Tales of low-carbon concrete abound, but what exactly does that mean? Kristina Smith looks at what’s in the mix.
In September 2022, HS2’s Euston station site saw the UK’s largest ever low-carbon concrete pour: a 232 cu m temporary slab that will support polymer silos for piling works.
Depending on how you look at it, the mix used – Earth Friendly Concrete (EFC) from Capital Concrete – has saved either 75% or 50% of embodied carbon, compared to a ‘standard’ mix. The press releases have, of course, gone for the former, but the question is whether a standard mix is one that contains 100% Ordinary Portland Cement (OPC) or one that contains a mix of half OPC and half ground granulated blast furnace slag (GGBS).
“Some of the big concrete suppliers are referring to concrete with 50% slag as ‘lower-carbon concrete’, but that’s an everyday concrete in London,” says specialist concrete consultant Charles Allen, director of OTB Concrete, who is an advisor to Capital Concrete. “I have been using 70% slag in foundations for 30 years.”
“Some suppliers refer to concrete with 50% slag as ‘lower carbon’, but that’s an everyday concrete in London.”

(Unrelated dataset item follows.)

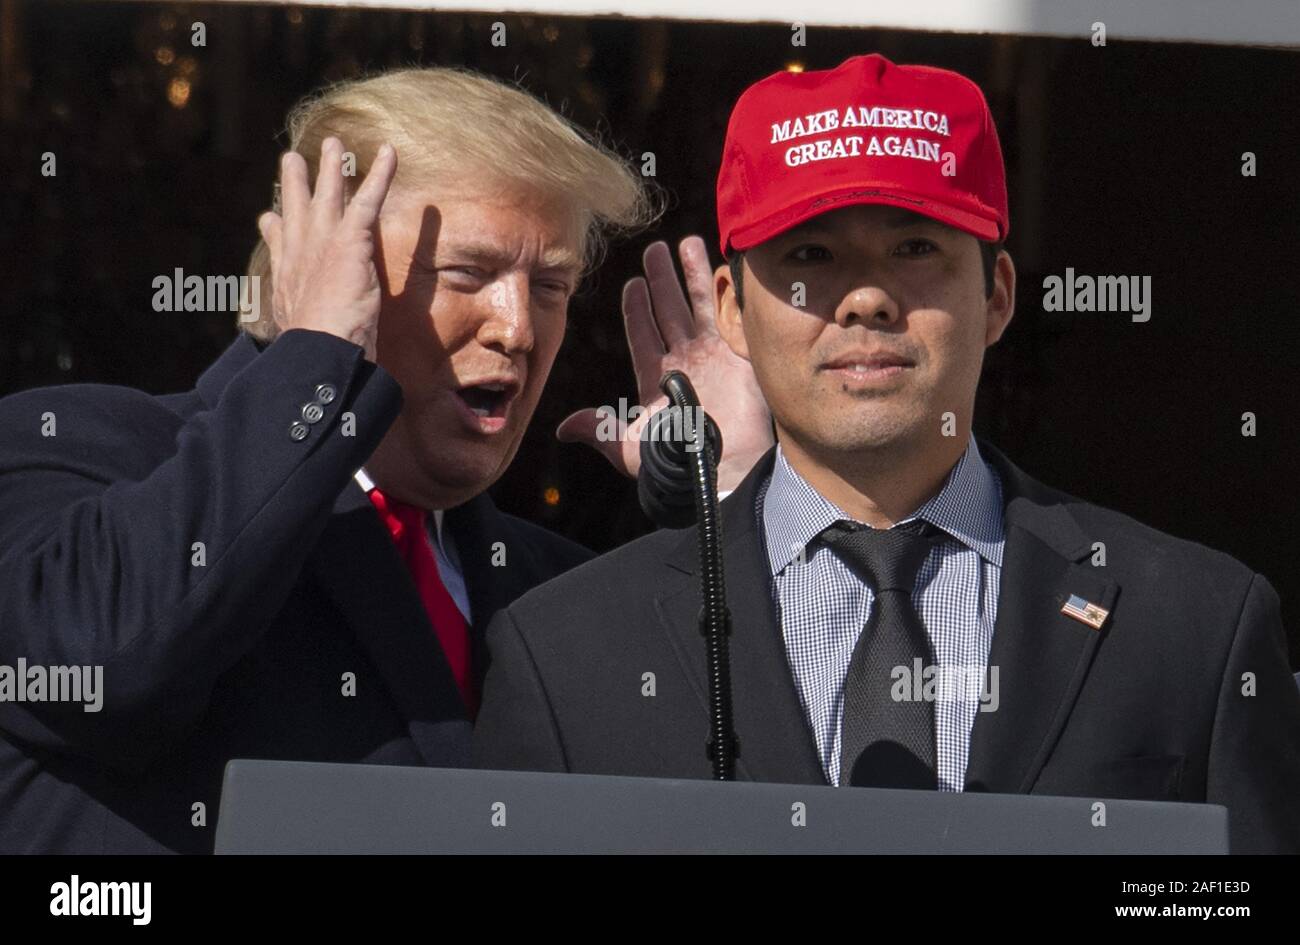 Kurt Suzuki: MAGA hat at White House 'just trying to have some fun

Materials such as GGBS and pulverised fuel ash (PFA) are often used to replace some of the OPC in large-volume concrete pours to reduce the heat of hydration. This in turn reduces the chance of cracking and can allow the amount of reinforcement to be reduced.
We need to get far more specific in our definition of low-carbon concrete, says the Low Carbon Concrete Group. In its Low Carbon Concrete Routemap, the group says that different strengths of concrete should be given an embodied carbon rating graded from A++ to G, similar to energy efficiency ratings for appliances. And the baseline should be calculated from contemporary industry values.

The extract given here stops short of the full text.